(Source data)
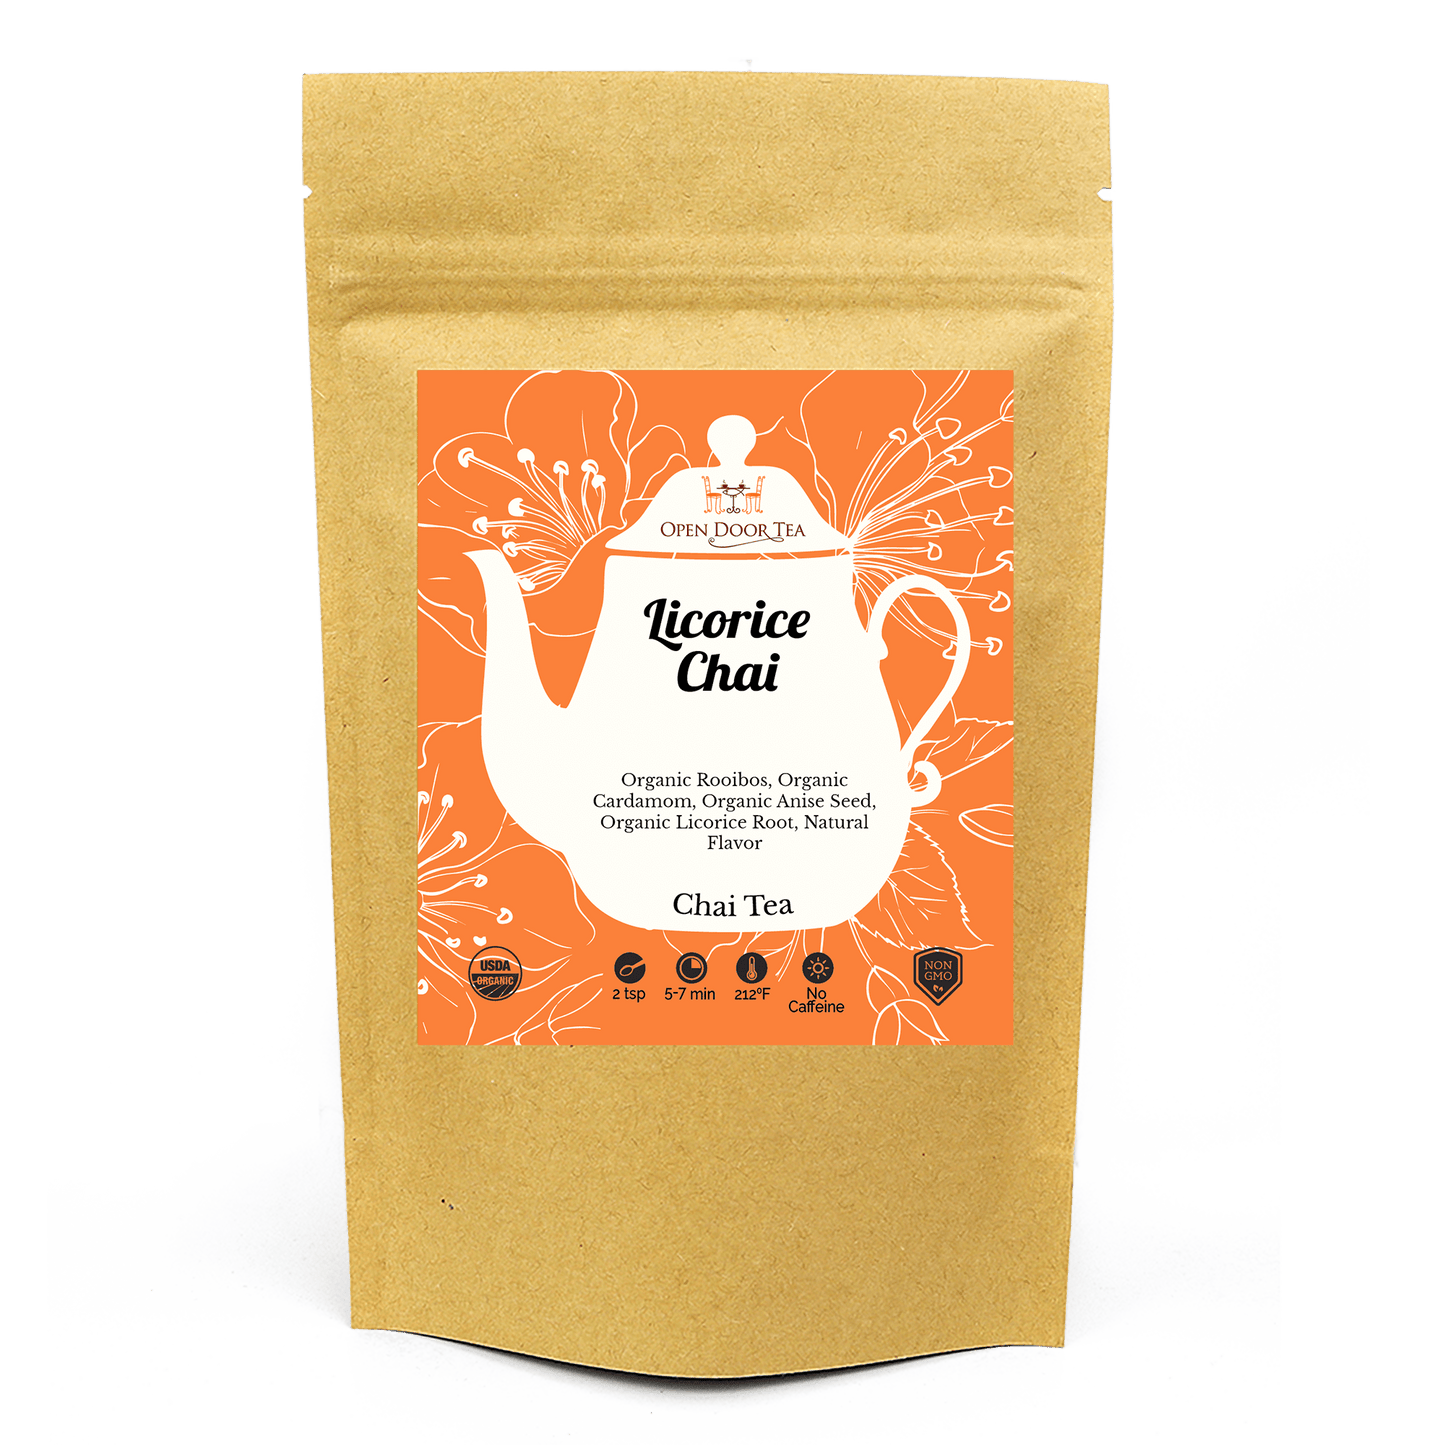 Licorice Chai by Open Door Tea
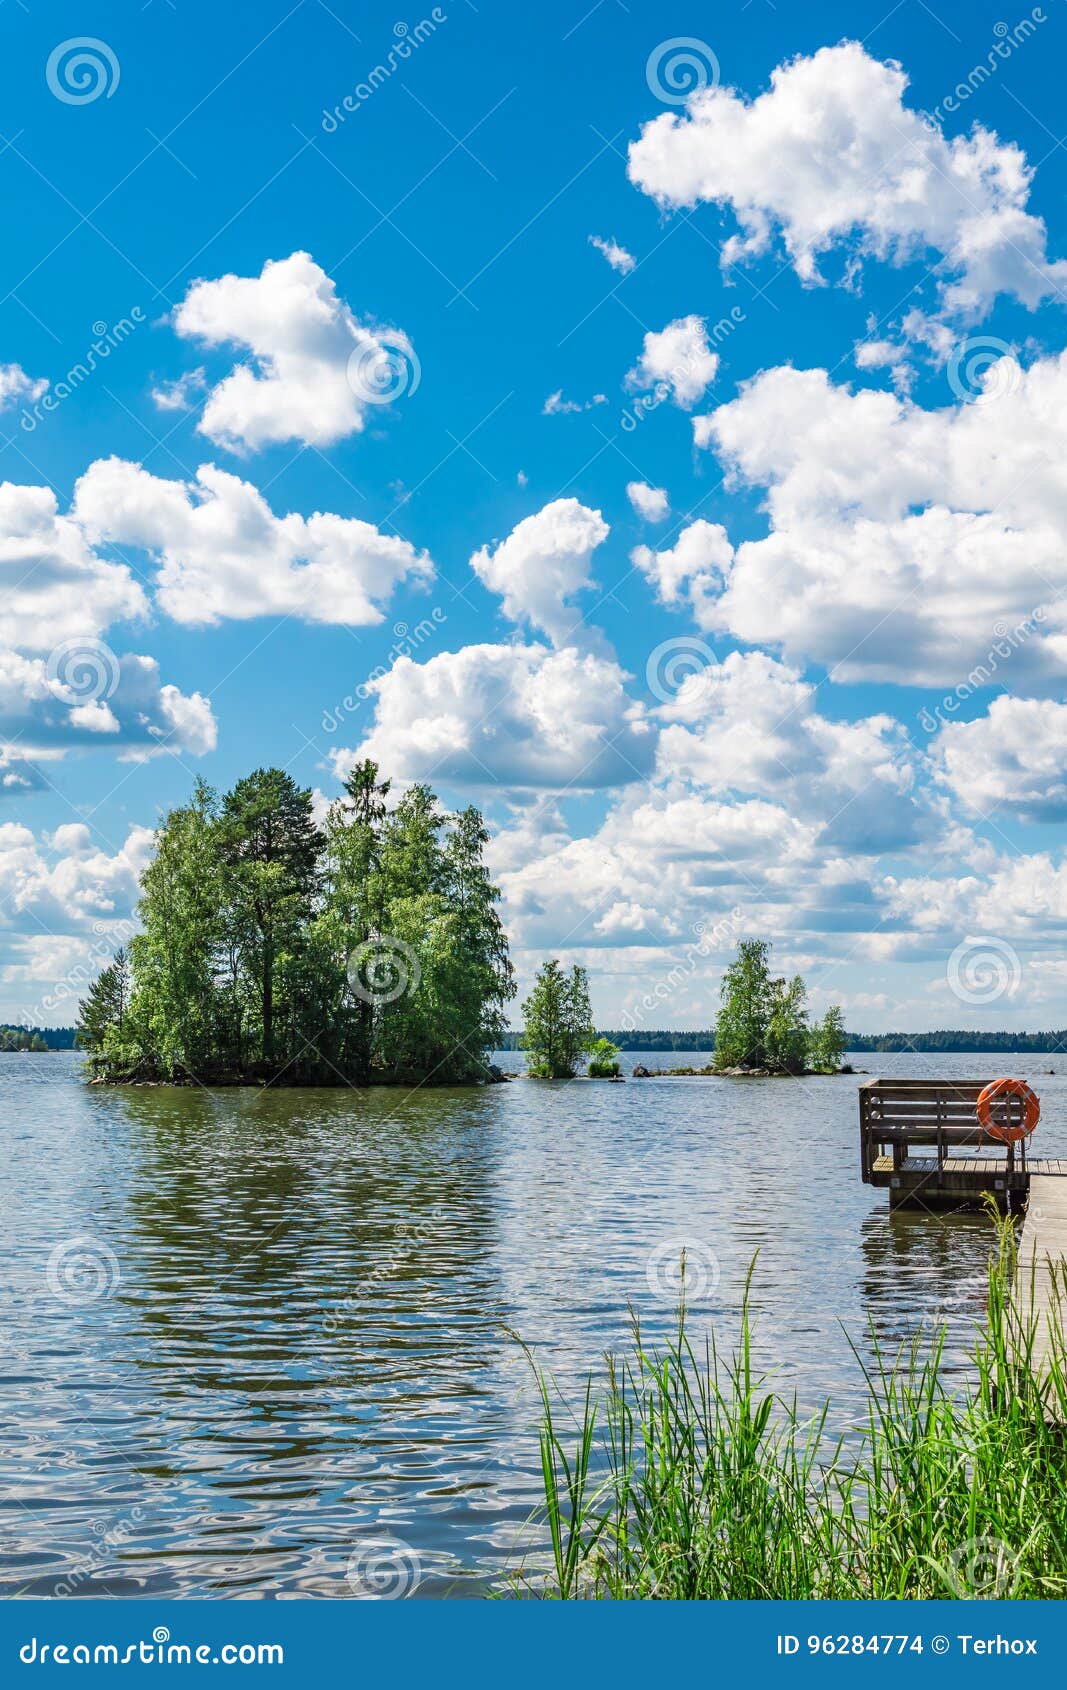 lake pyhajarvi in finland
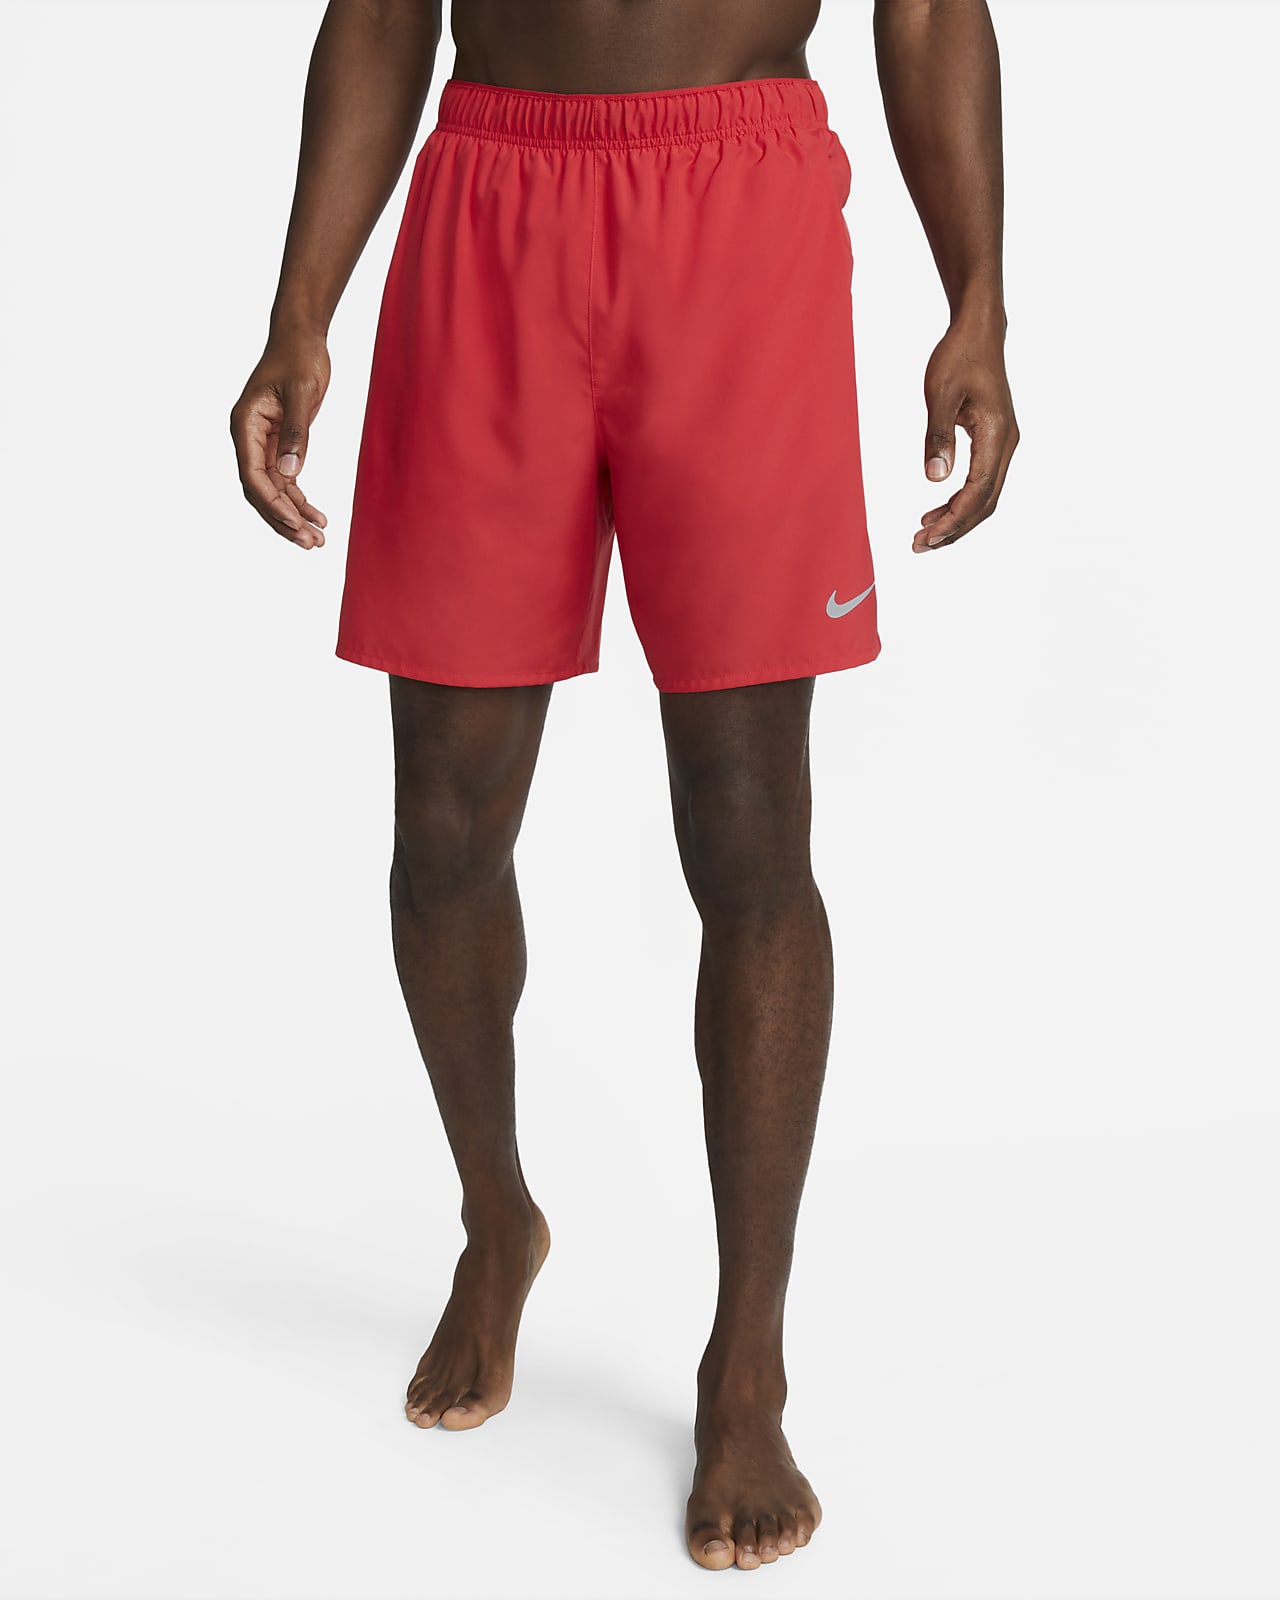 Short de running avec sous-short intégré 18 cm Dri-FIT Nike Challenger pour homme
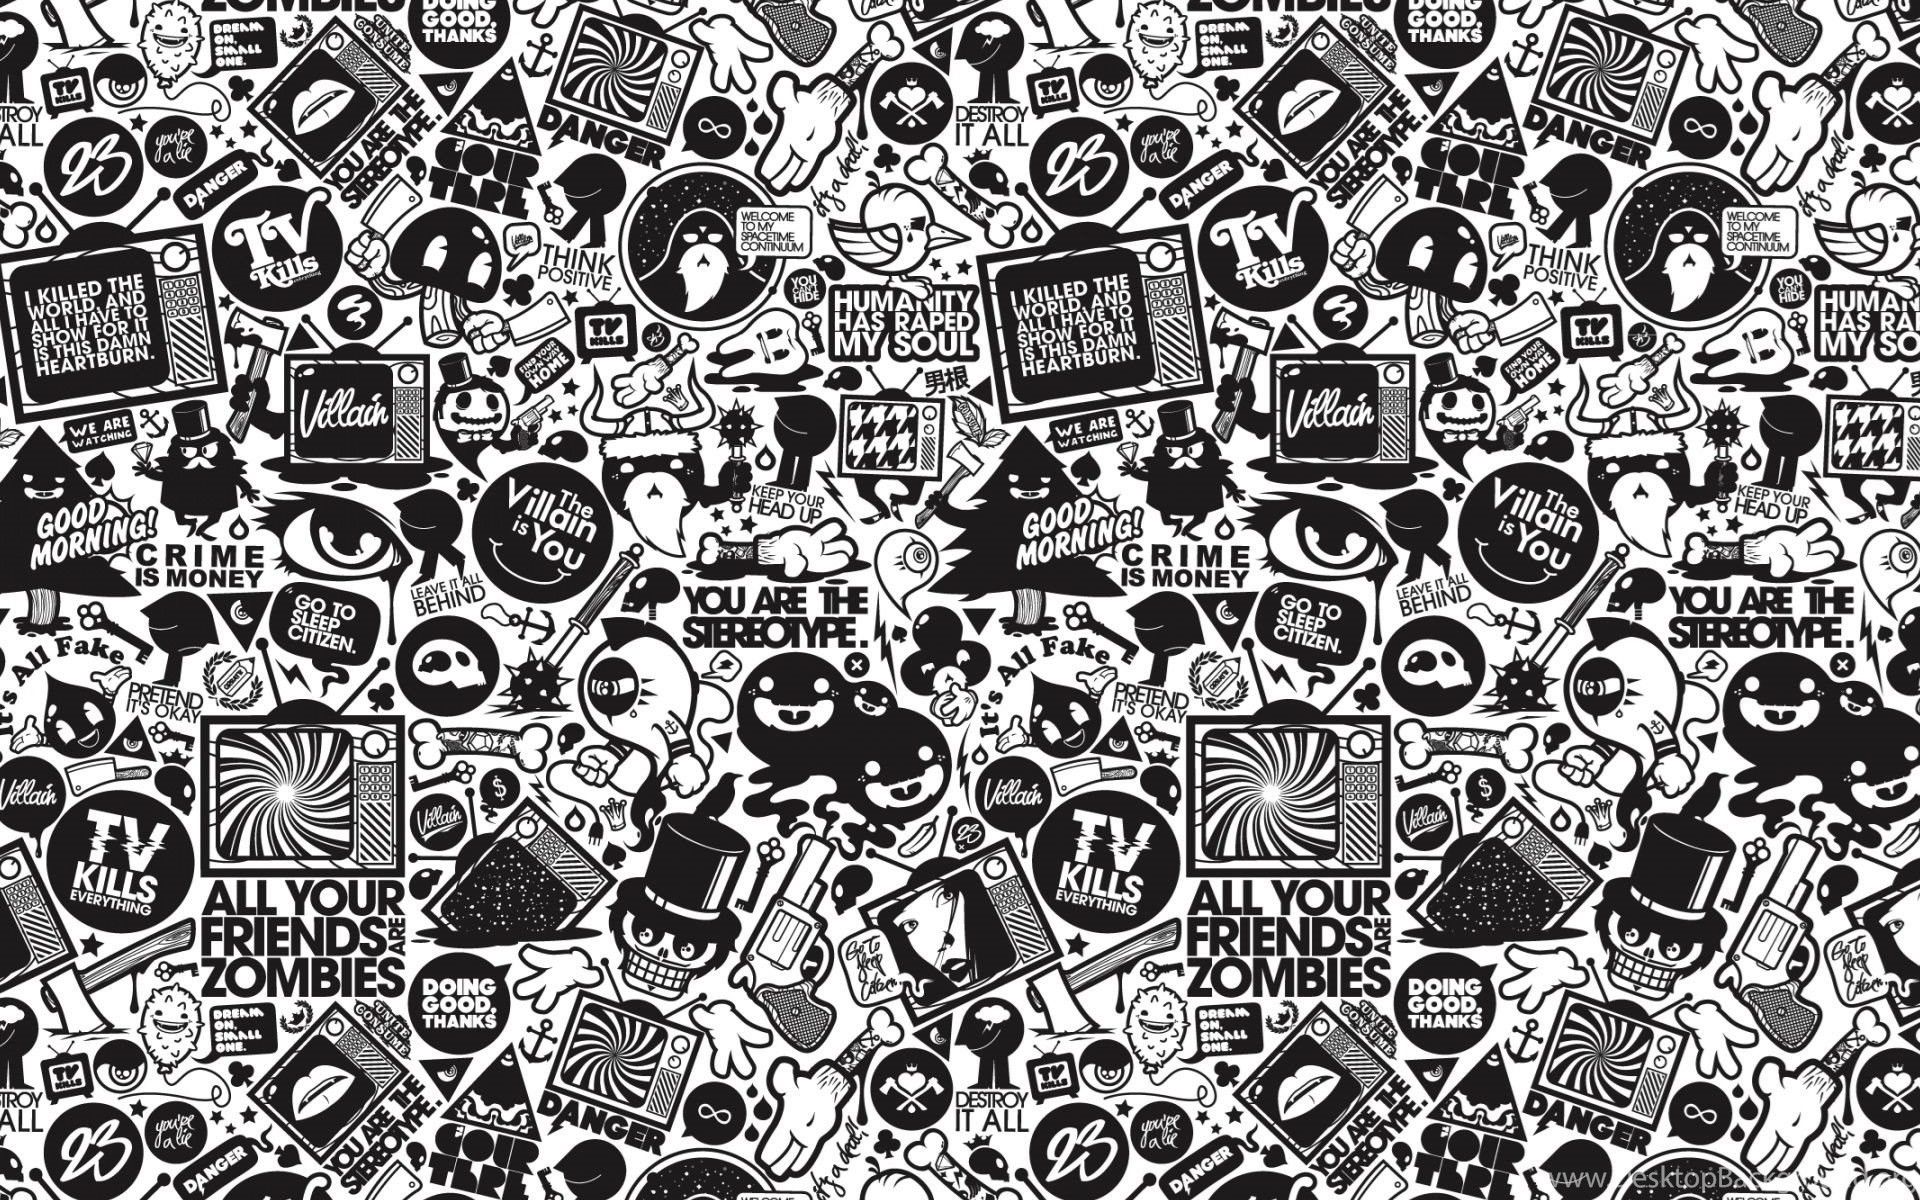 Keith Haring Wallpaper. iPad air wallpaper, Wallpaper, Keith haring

(Problem statement)
In the answer, all of the material should appear exactly as given, with no picture carried over.

(Reply)
 Licorice Chai by Open Door Tea
 lake pyhajarvi in finland
 Short de running avec sous-short intégré 18 cm Dri-FIT Nike Challenger pour homme
 Keith Haring Wallpaper. iPad air wallpaper, Wallpaper, Keith haring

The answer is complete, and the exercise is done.